Regular expressions aren't bolted onto Perl as an afterthought or imported from a library. They're woven into the language's DNA. When other languages were struggling with clunky regex APIs, Perl developers were parsing complex log files with one-liners.
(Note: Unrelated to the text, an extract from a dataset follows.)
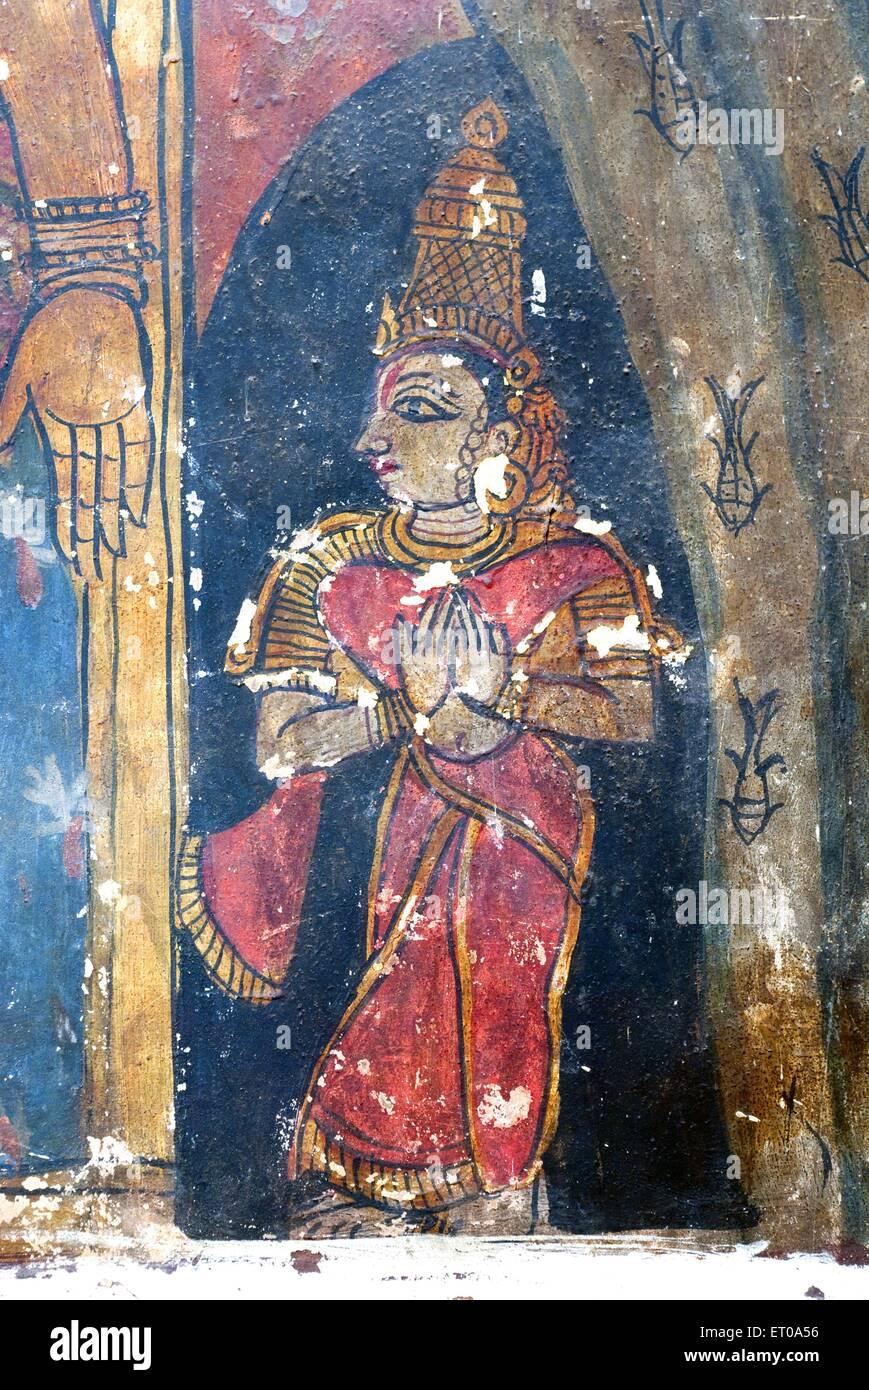 Seventeenth century murals on wall in Varadaraja Perumal Vishnu temple in  Kanchipuram ; Tamil Nadu ; India Stock Photo - Alamy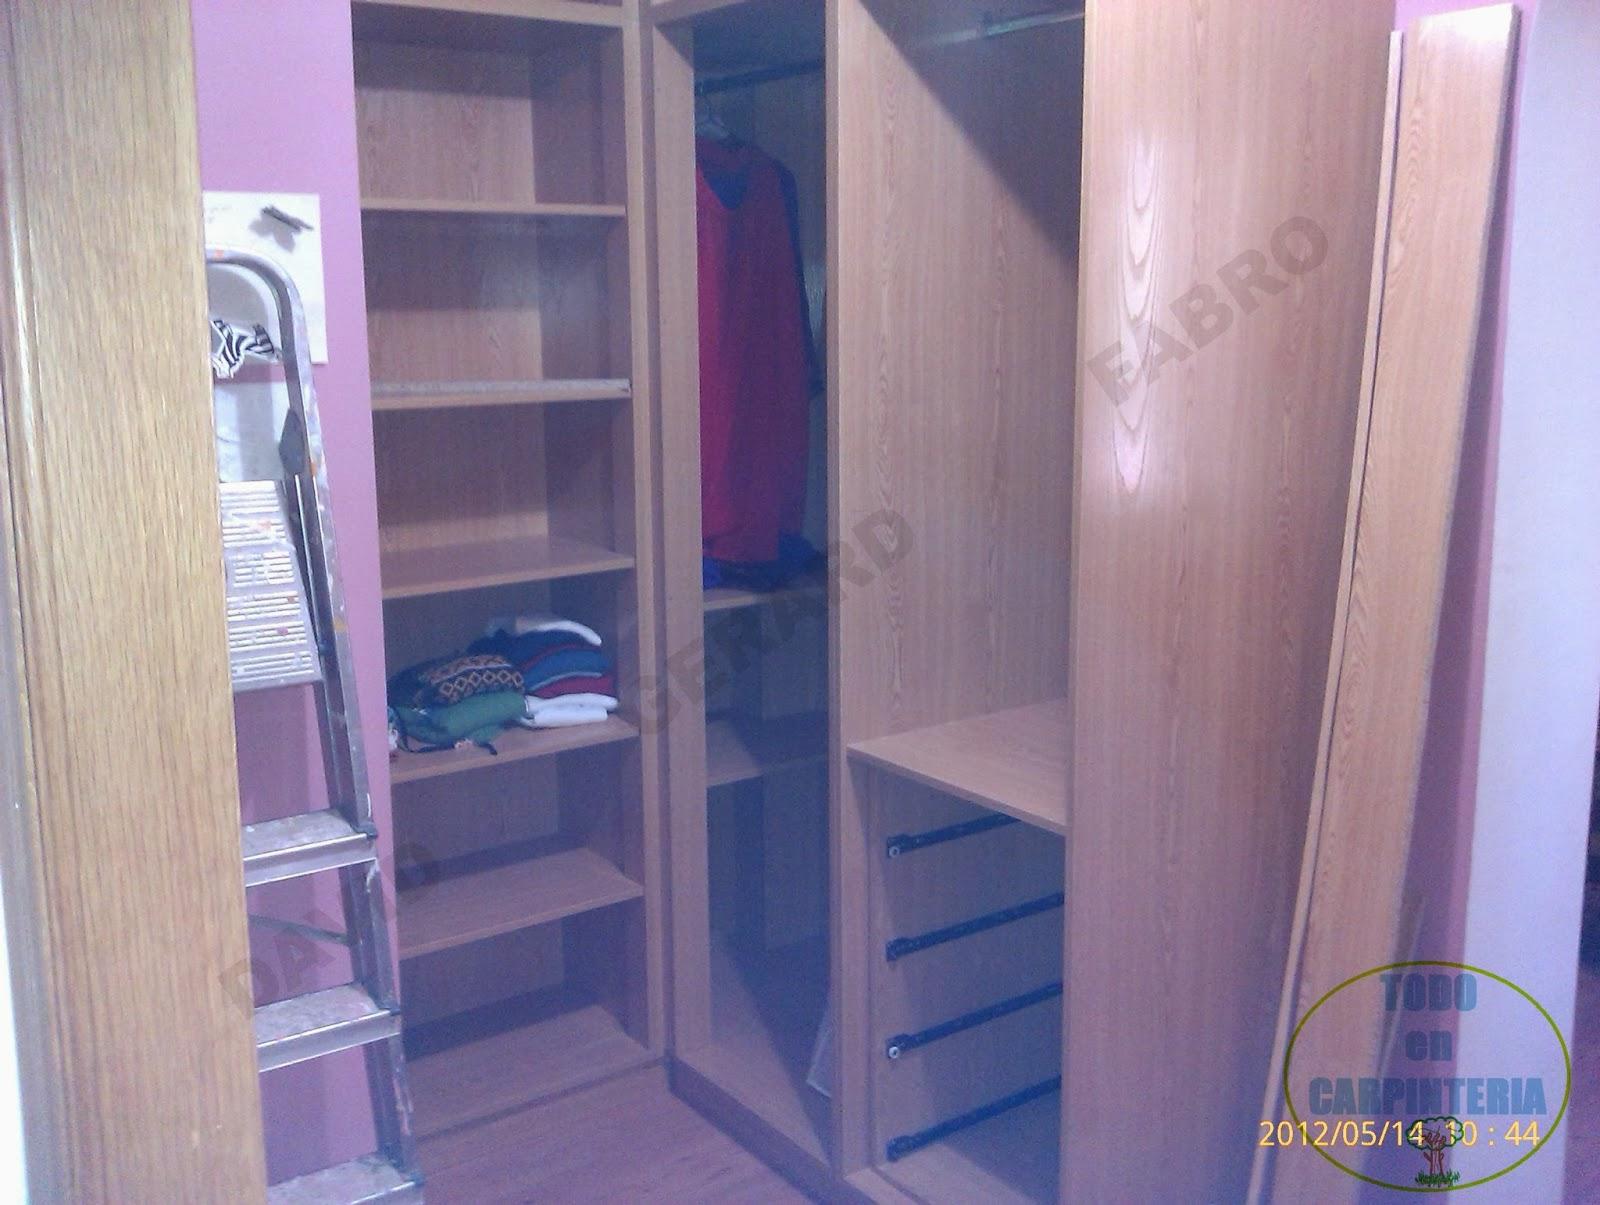 Interiores de armarios empotrados en esquina - Armario de esquina ...

This chapter will show you why Perl's regex implementation is still unmatched and how to wield this power responsibly.

## The Basics (But Better)

### Match Operator: m//

```perl
#!/usr/bin/env perl
use Modern::Perl '2018';

my $text = "The server at 192.168.1.100 responded in 245ms";

# Basic matching
if ($text =~ /server/) {
    say "Found 'server'";
}

# Capture groups
if ($text =~ /(\d+\.\d+\.\d+\.\d+)/) {
    say "IP address: $1";  # $1 contains first capture
}

# Multiple captures
if ($text =~ /at ([\d.]+) responded in (\d+)ms/) {
    my ($ip, $time) = ($1, $2);
    say "Server $ip took ${time}ms";
}

# The !~ operator for negation
say "No errors!" if $text !~ /error|fail|timeout/i;

# Default variable $_
$_ = "Testing 123";
say "Contains number" if /\d+/;  # No need for $_ =~
```

### Substitution Operator: s///

```perl
my $config = "ServerName = localhost:8080";

# Basic substitution
$config =~ s/localhost/127.0.0.1/;
say $config;  # ServerName = 127.0.0.1:8080

# Global substitution with /g
my $log = "Error Error Warning Error";
$log =~ s/Error/Issue/g;
say $log;  # Issue Issue Warning Issue

# Capture and replace
my $date = "2024-01-15";
$date =~ s/(\d{4})-(\d{2})-(\d{2})/$3\/$2\/$1/;
say $date;  # 15/01/2024

# Using the result
my $count = $log =~ s/Warning/ALERT/g;  # Returns number of replacements
say "Replaced $count warnings";

# The /r modifier returns modified string without changing original
my $original = "hello world";
my $modified = $original =~ s/world/Perl/r;
say $original;  # hello world (unchanged)
say $modified;  # hello Perl
```

### The Transliteration Operator: tr/// (or y///)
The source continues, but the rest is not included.